And no, that's not simply because I have a large back yard&#8230;


----------



## jackz4000 (May 15, 2011)

Hugh, I can understand your angst and I'm with you on most of it. BUT--the internet and twitter show us all how many fools, clowns, and trolls are on the internet. Now they can all communicate their drivel and sometimes people pay attention. That feeds them to spout more.

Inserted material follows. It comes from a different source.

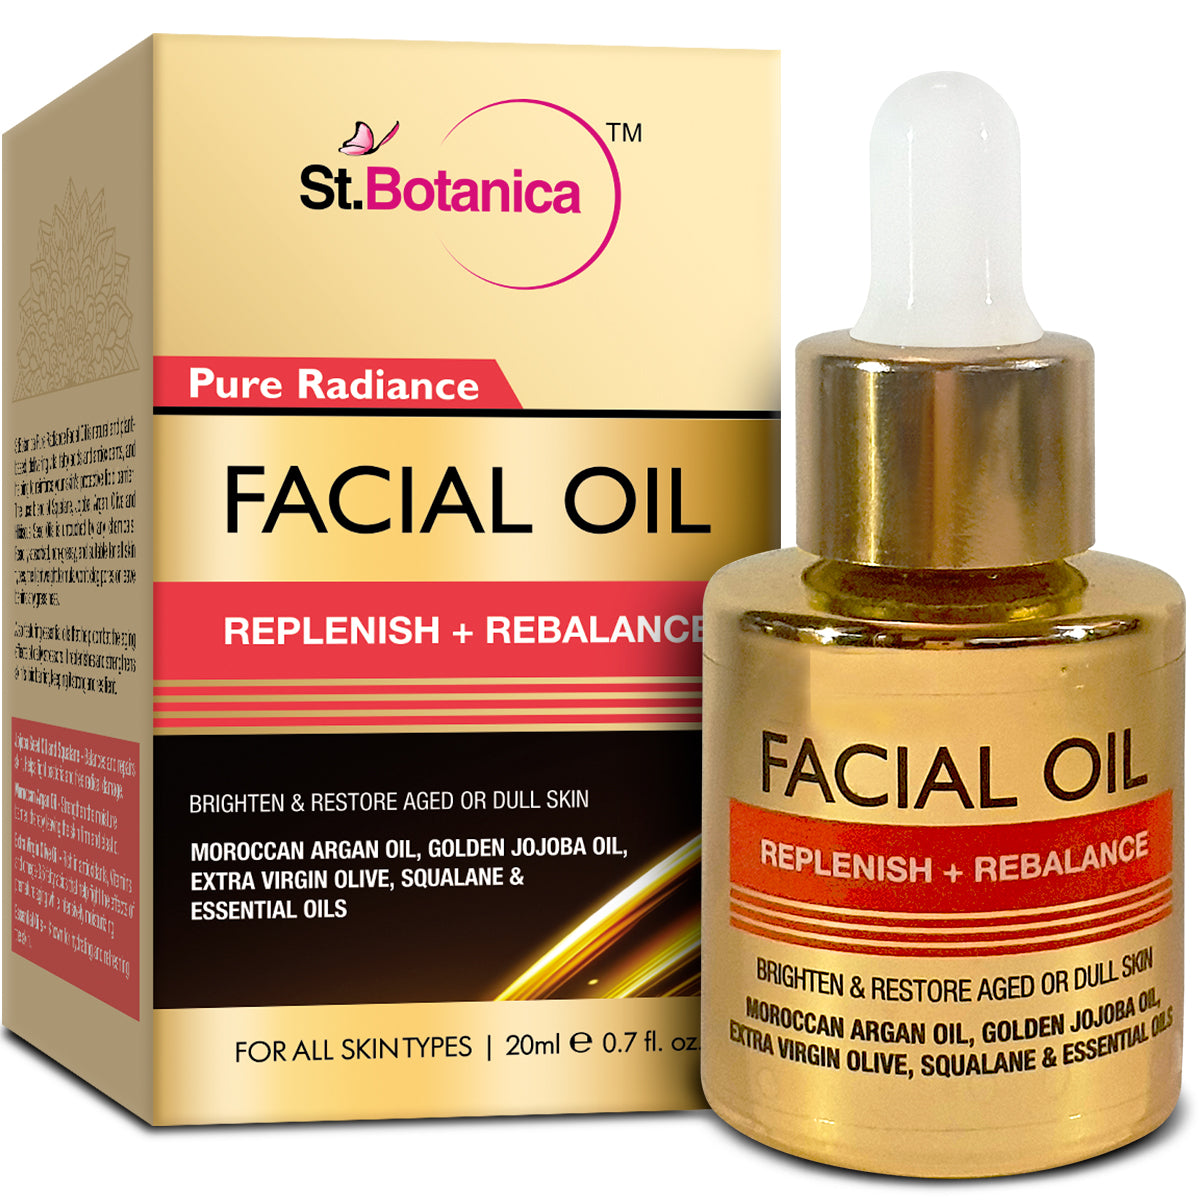 St.Botanica Pure Radiance Facial Oil Replenish + Rebalance - Brighten & Restore Aged or Dull Skin, 20 ml (STBOT574)

Maybe ignoring the fools is a wiser course. The sad thing is we begin to now realize (with social media) how many there are.


----------



## Lisa Grace (Jul 3, 2011)

Bards and Sages (Julie) said:


> Methinks I have never so thoroughly agreed with the illustrious Mr. Kilborn.
> 
> You cannot control the actions of others. You can only control your own actions. Nowhere is this bit of information more useful than when dealing with cretins on the internet.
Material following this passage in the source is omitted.